Удивительно, что её не раздражает постоянный стук. Поэтому-то она не хочет уходить. Когда же придёт её время и она оставит меня в покое?

«Ты хочешь, чтобы время пришло само собой, так же, как тебе пришло в голову постоянно приходить на эту скамейку? Не кажется ли тебе, что с твоей стороны подобная тривиальная самоуверенность граничит с тривиальным же отчаянием?»

Прихожу, но мой рассказ остаётся дома один, без точки… Обесточенная, прохудившаяся сеть, годная разве что на безрыбье… А ей, видишь ли, подавай обобщение.

«Я постоянно прошу тебя уйти, но ты беспардонно остаёшься…»

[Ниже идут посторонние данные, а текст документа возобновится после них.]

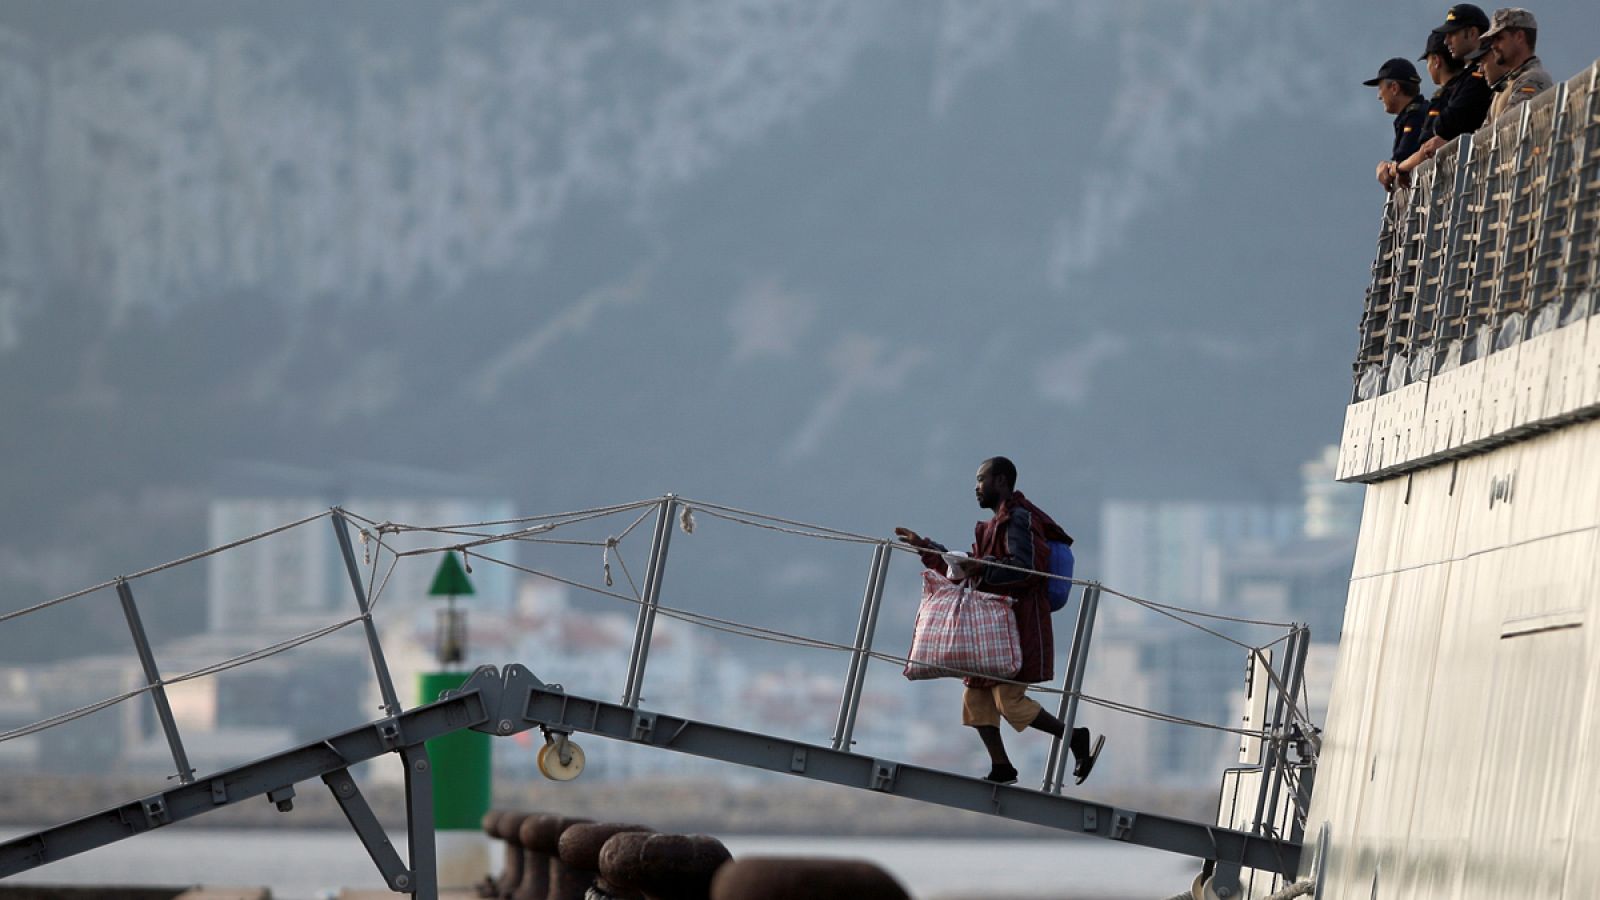 Crisis migratoria:El Audaz llega a San Roque con los migrantes del Open Arms a bordo

«Да, остаюсь, и даже горжусь этим, хотя упорно стремлюсь оставить тебя, пользуясь твоей терминологией, в покое. Не ухожу потому, что ты ещё упорнее не отпускаешь меня. Ну, предположим, отпустишь: кого же тебе тогда останется умолять и удерживать? Ты любишь меня за то, что у тебя для уговоров есть я, и опасаешься расстаться со мной, чтобы вместо меня не пришлось упрашивать кого-то другого, согласен? Я имею в виду – другую».

Дождь разговорился в такт нашей беседе. Его фразы безобидно обрушились на ржаную промокашку, отпечатываясь на ней расплывчатой, неразборчивой, хотя и многословной рукописью. Я узнал среди этих фраз свои – самые сырые из выпадавших.

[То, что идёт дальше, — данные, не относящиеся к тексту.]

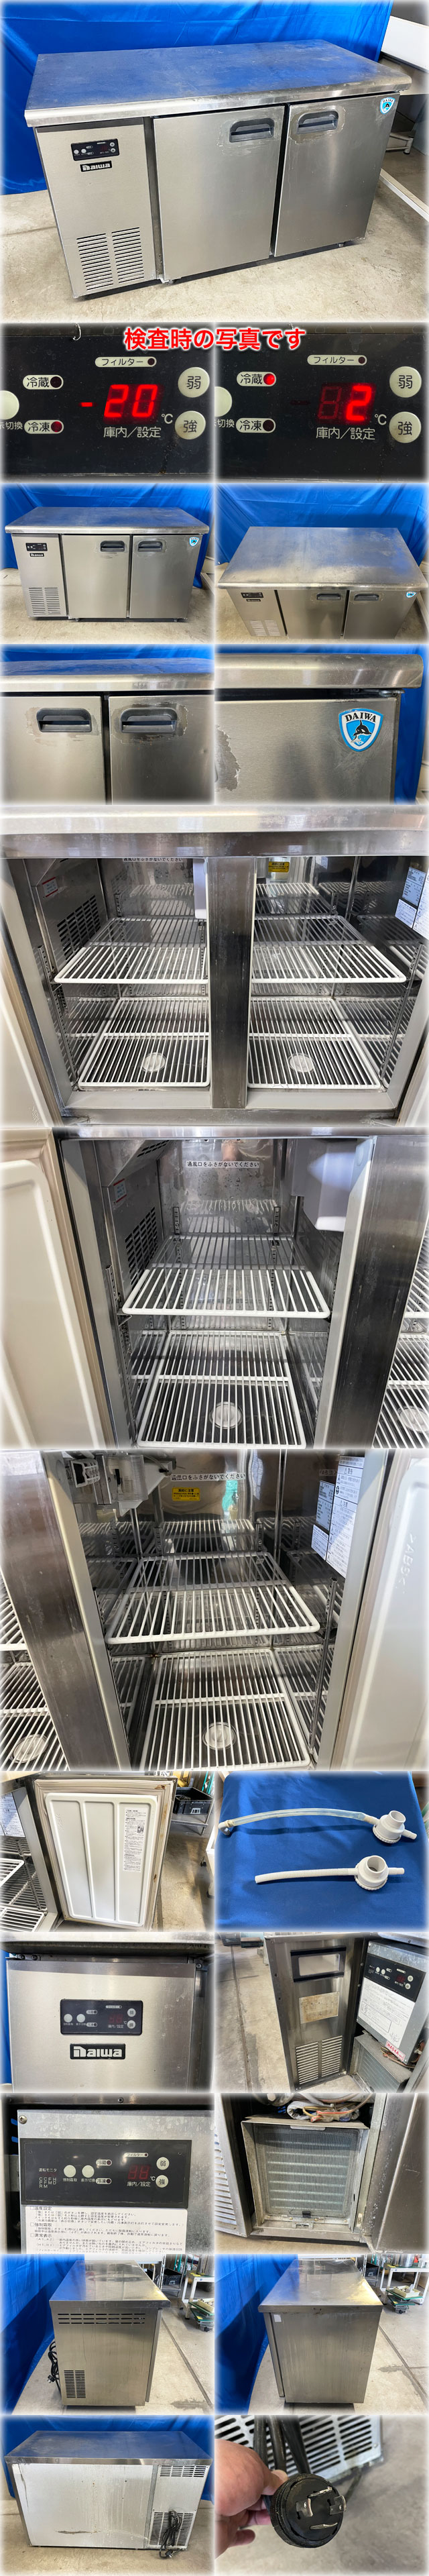 販売激安ダイワ冷機 冷凍冷蔵コールドテーブル 4663S 1200x600x800mm 冷凍109L:冷蔵113L 三相200V ヨコ型 台下冷凍冷蔵庫 冷凍冷蔵庫

Рука или ветер – мне никогда не было видно со скамейки – провели по волосам, чтобы они растрепались ещё сильнее.

«Твои волосы не укладываются ни в какую причёску».

Неукладывающиеся ржаные волосы насмешливо бросались мне в глаза, я отводил их – и глаза, и волосы, но ржаная копна не слушалась и рассыпалась вокруг скамейки и дерева, в ветвях которого невидимо и учащённо старался до кого-то достучаться дятел.

«Так почему всё-таки тебя не раздражает постоянный стук?»

«Послушай, я тебе ни в чём не отказываю, но – или и? – ты не можешь помешать мне существовать вне зависимости от несущественных частностей, даже если мы согласимся назвать их не уничижительно – частностями, а нейтральнее – факторами, что ли. Опережаю твой вопрос: существенных факторов для меня не существует».

«Почему же ты не хочешь оставить меня в покое и реализовать свою независимость в полной мере?»

«Потому, что ты слишком безнадёжно сильно этого хочешь. Твои настойчивые требования уйти – сильнее любых вялых просьб остаться».

Ну да, мы договорились, что это будет дятел, не станем вносить запоздалые коррективы…

«Ты постоянно твердишь мне это, словно повторяется одна и та же запись, которую я обречён проигрывать с тех пор, как чернила впервые промакнулись на моей первой, наименее сырой из фраз… На моей первой фразе, увенчанной послушной, игривой точкой…»

«Ты проигрываешь её, но она остаётся беспроигрышной: других слушателей у неё и соперников у тебя – нет».

Кто способен обнадёжить лучше, чем обнадёживаешь себя сам?…

«Возможно, ты исчезнешь, если я допишу недописанную фразу?»

Решиться и отыскать последнюю точку?

«Я решусь, но – пообещай, – хотя ты никогда ничего мне не обещала…»

«Попробуй, тебе же не впервой пробовать, – а мне не впервой ожидать счастливого краха, – хорошо, хорошо, не нужно кусать губы и конец ручки, – последней точки в твоём рассказе. Согласна, готова признать: нашего рассказа. Или, ввиду нескончаемости, – нашего романа – хотя роману-то как раз и положено закончиться. Поставь последнюю точку – и посмотри, окажется ли твоя фраза последней. Прислушайся к непрекращающемуся стуку на этом своём дереве: прекратился ли он?»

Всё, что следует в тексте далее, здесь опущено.